Going forward, will denim remain the mainstay of the group? “There was a time when denim used to be 95% of this company. That was in the ’90s. But my father was clear that the group has to go beyond a single business. For 30 years, the group has invested in diversifying, taking cash flows from its original denim business, putting it in other parts of textiles, fashions, real estate, and Anup Engineering. Today, we are a diversified conglomerate with four completely separate listed companies, each with its own set of shareholders,” says Punit.
Kulin points to the statistics. Currently, denim is only 10% of the group’s total turnover of ₹20,000 crore. The technical textiles business is ₹2,000 crore, while Arvind Fashions is close to ₹5,500 crore, and real estate is close to ₹1,000 crore. Anup Engineering is inching towards ₹1,000 crore. “Even within textiles, our woven [fabric] business is now larger than denim, around ₹3,000 crore... In the next 20 years, we will be doubling down on many of these businesses of the future, both at the domestic and the global level,” adds Punit.
ASK THE brothers about “succession” and pat comes the reply: “We live under the same roof and are literally in it together.”
Kulin explains that succession is always a process. “We are still in that process where he (their father) is very much there, guiding us in all core capital allocation decisions of the group. All three of us have to agree, that’s the way we work. Punit and I sit on each other’s boards. So, we are, in that sense, partners in whatever we do. He plays some roles across the group. I play some. And the chairman is of course chairing the two companies (Arvind Ltd and Arvind Fashions). But in all big decisions, we are together.”

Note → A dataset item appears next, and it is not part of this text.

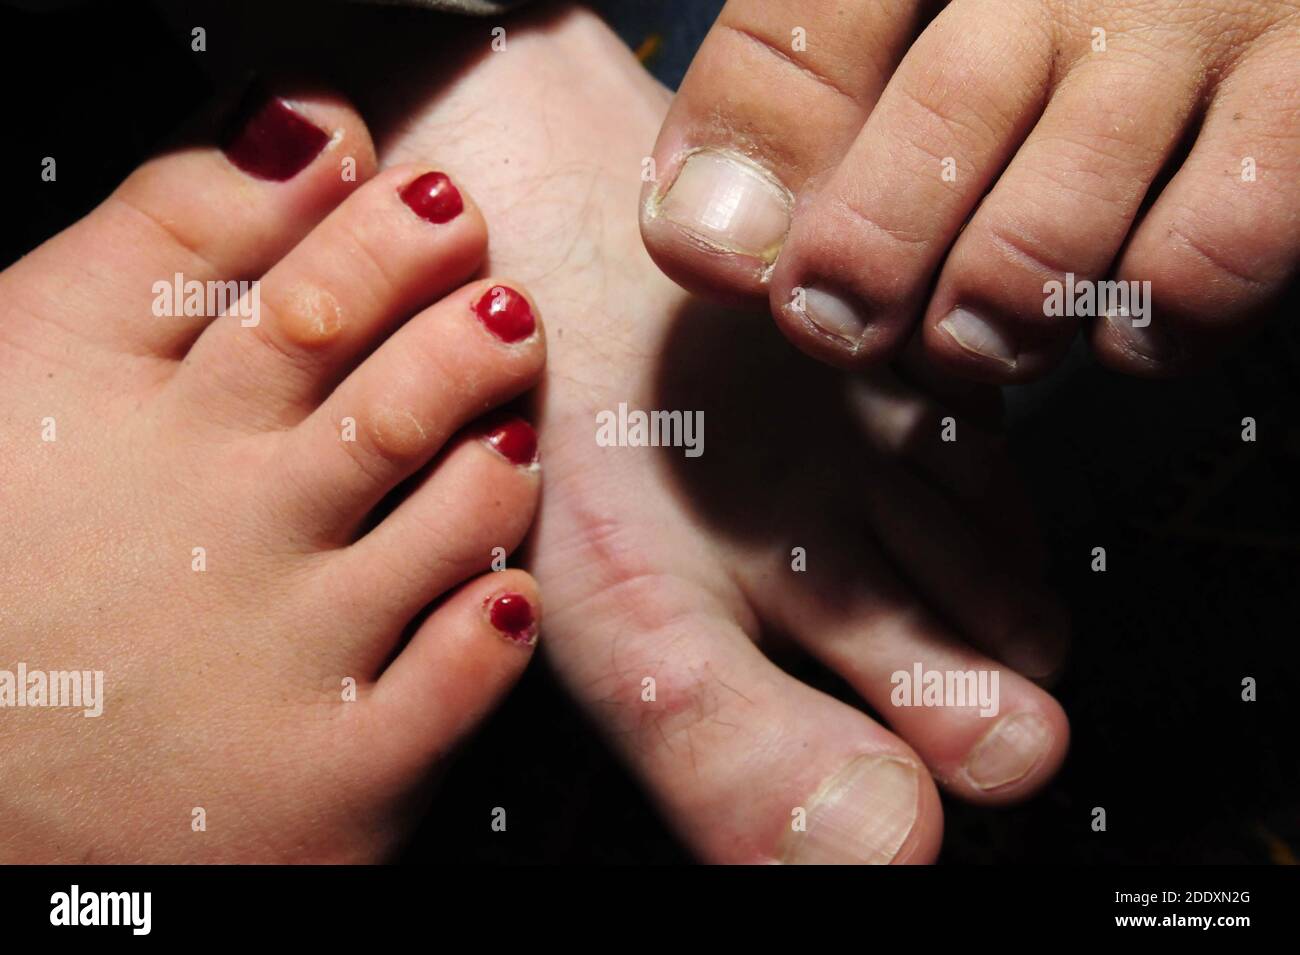 Ordinary Female Feet With Painted Nails. Fetish Stock Photo, Picture and  Royalty Free Image. Image 140544821.

Agrees Punit. “Our father is still around and active, and we have the ability to tap into his wisdom and capability, when we need it. The way it is, we are running the four platforms, and he’s still working to build on the future, on the innovation path.”
So, what does the future hold for Arvind?
In 2014, after returning from Harvard Business School, Kulin joined Arvind Fashions at a time when Myntra and Flipkart were just emerging as digital channels. With the company initially reluctant to embrace online retail, he created a separate entity, hiring 120 professionals to build a strong digital backbone from scratch. Over the next decade, it transformed the business, with digital now contributing 30% of revenues.
“Sometimes, companies have to disrupt themselves,” says Kulin. “Since the last 20 years, we have been a part of the journey [of Arvind]. We have grown up thinking what the next 10 years need to look like. If you want a business to survive 100 years, you have to have one foot firmly planted in the present, because the present funds the future. The North Star is always the return on capital. But as entrepreneurs, you have to think that 10 years out, what is the business of tomorrow?”
Kulin also points out that the future is not just future businesses. “It’s also how you are future-proofing the business. You have to always be nimble enough to say that no matter how successful you are in what you do, you cannot take that for granted, because what it will take to win in the future is different,” he says, adding that many a time, one needs to unlearn what they’ve learnt.
“We have a great launchpad with these four lines of businesses. Our focus will be to strengthen them right now, rather than invent a fifth, sixth or a seventh line. It will happen organically,” Punit sums up, as Arvind plans for the next 100 years.